Then watch the kernel ring buffer using dmesg -kH --follow --level=info
and load your module using insmod mylkm.ko
. You should see “Hello World!” popping in the kernel log. When you unload your module (rmmod mylkm
) you should see “Bye”.
When inserting your module into the kernel, you will probably see something like:
loading out-of-tree module taints kernel.
module verification failed: signature and/or required key missing - tainting kernel
There is nothing to worry about, you can learn more about tainted kernel here.
Adding a misc device
As is, our module is pretty useless. Why would we take risks messing up with our system in kernel land just to print a “Hello World!” message?
We will register a misc device in our module to make it useful less useless.
A misc device is a special file that acts as an interface between userland and kernel mode.
#include <linux/init.h>
#include <linux/module.h>
// Prepend the module name when using pr_XXX functions
#define pr_fmt(fmt) KBUILD_MODNAME ": " fmt
#include <linux/printk.h>
#include <linux/fs.h>
#include <linux/miscdevice.h>
static ssize_t device_read(struct file *f, char __user *to, size_t count, loff_t *off)
{
pr_info("Read!\n");
return 0;
}
static ssize_t device_write(struct file *f, const char __user *from, size_t count, loff_t *off)
{
pr_info("Write (received %lu bytes)\n", count);
return count;
}
static struct file_operations device_fops = {
.owner = THIS_MODULE,
.read = device_read,
.write = device_write,
};
static struct miscdevice device = {
.minor = MISC_DYNAMIC_MINOR,
.name = "miscdev",
.fops = &device_fops,
};
static __init int lkm_init(void)
{
int r = misc_register(&device);
if (r < 0)
{
pr_err("Could not register misc device (Error %i)\n", r);
return r;
}
pr_info("Module init succeed\n");
return 0;
}
static __exit void lkm_exit(void)
{
misc_deregister(&device);
pr_info("Module exit\n");
}
module_init(lkm_init);
module_exit(lkm_exit);
MODULE_LICENSE("GPL");
MODULE_DESCRIPTION("Just a simple LKM");
MODULE_AUTHOR("Nhqml");
Here, our device defines two basic file_operations
(see this):
- read which is called whenever read(2) is called on our file (e.g.
cat /dev/miscdev
) - write which is called whenever write(2) (e.g.

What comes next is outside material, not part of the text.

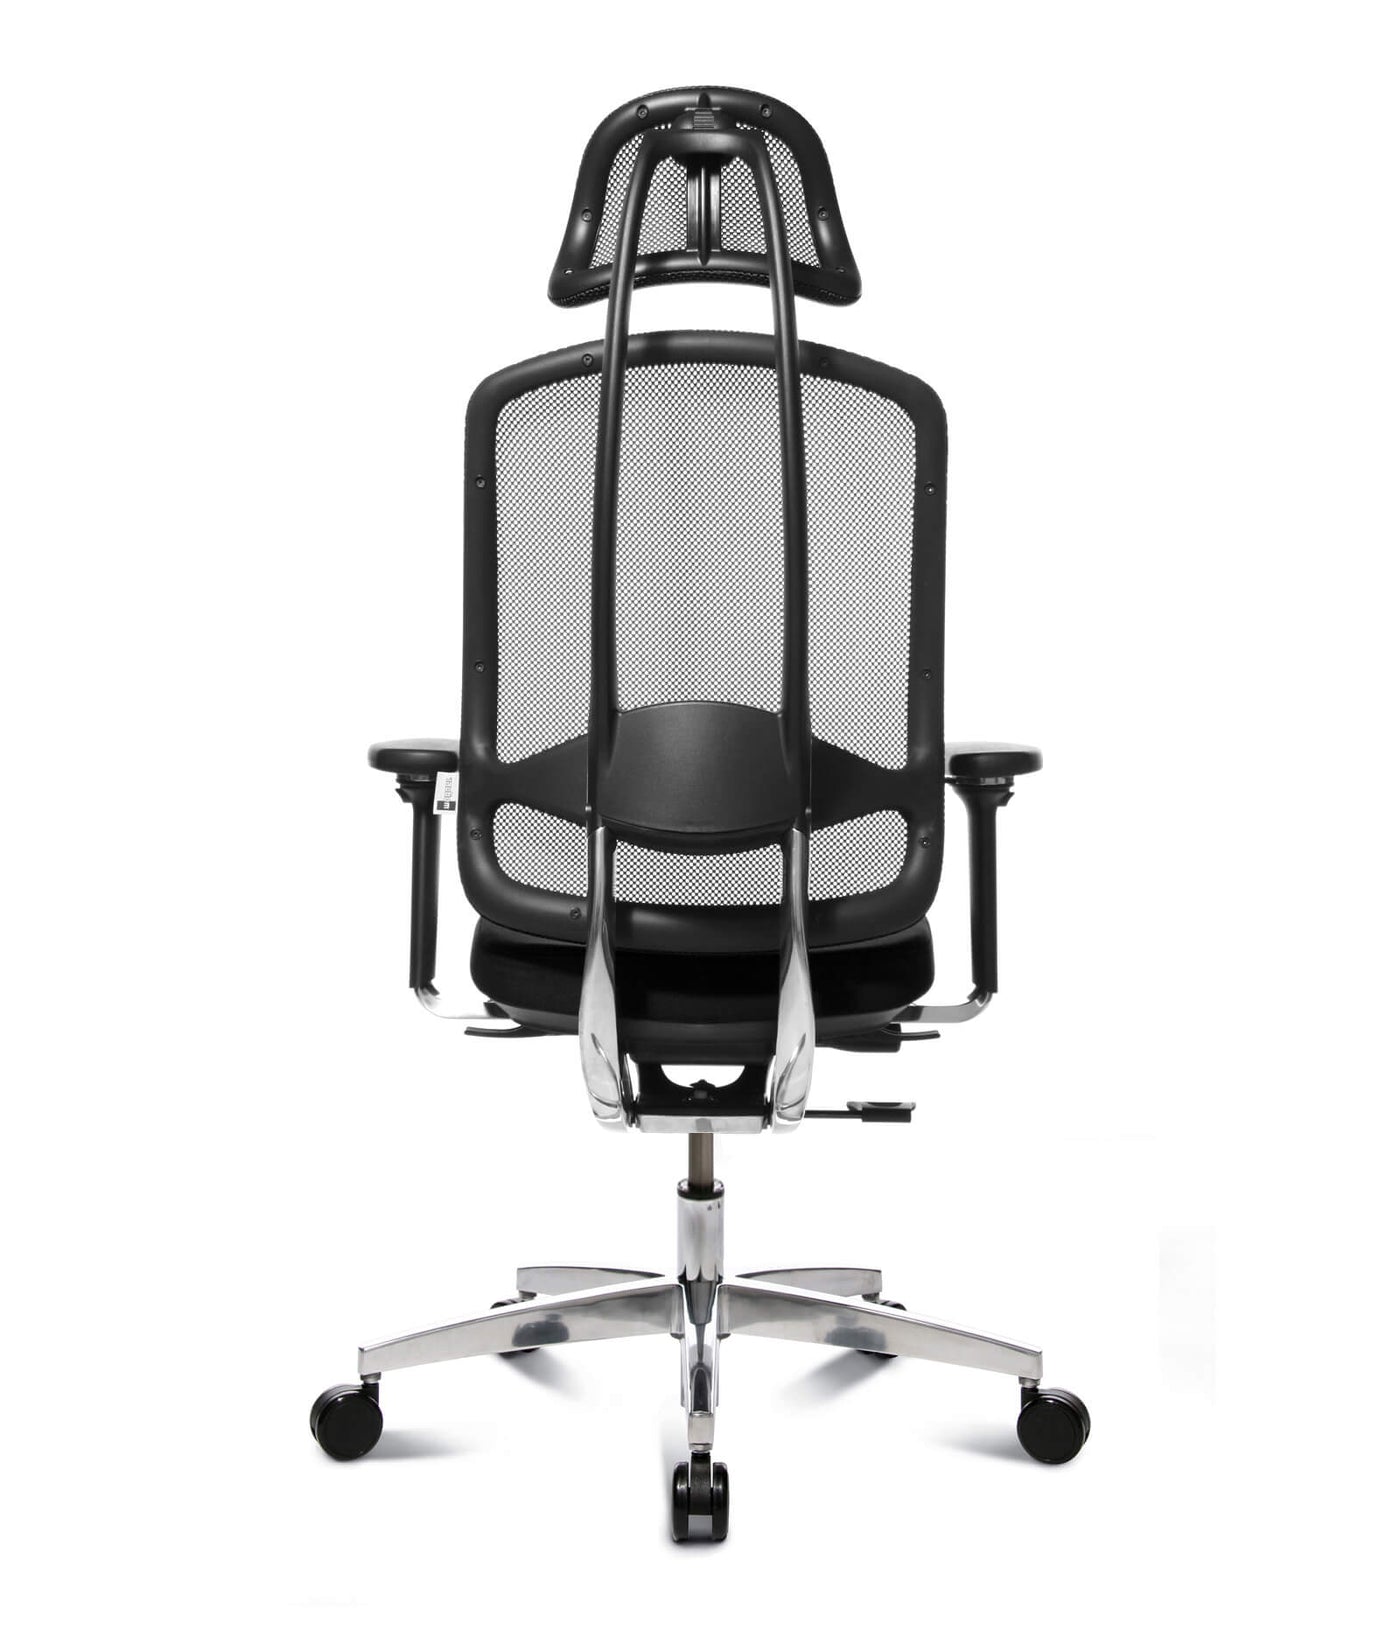 Wagner - AluMedic 10 Chefsessel - OFFICE CHAIRS - 123HomeOffice

echo something > /dev/miscdev
)
These functions have four arguments:
- a pointer to
struct file
pointing to our device’s underlying file - a buffer (
char *
) which is a userland buffer (that’s why we use the macro__user
) used to “receive” data from the kernel in theread
function and “send” data to the kernel in thewrite
function - the size of the buffer (
size_t
) - a pointer to
loff_t
, the internal offset of the file
Their return value should be the same as the ones described in read(2) and write(2).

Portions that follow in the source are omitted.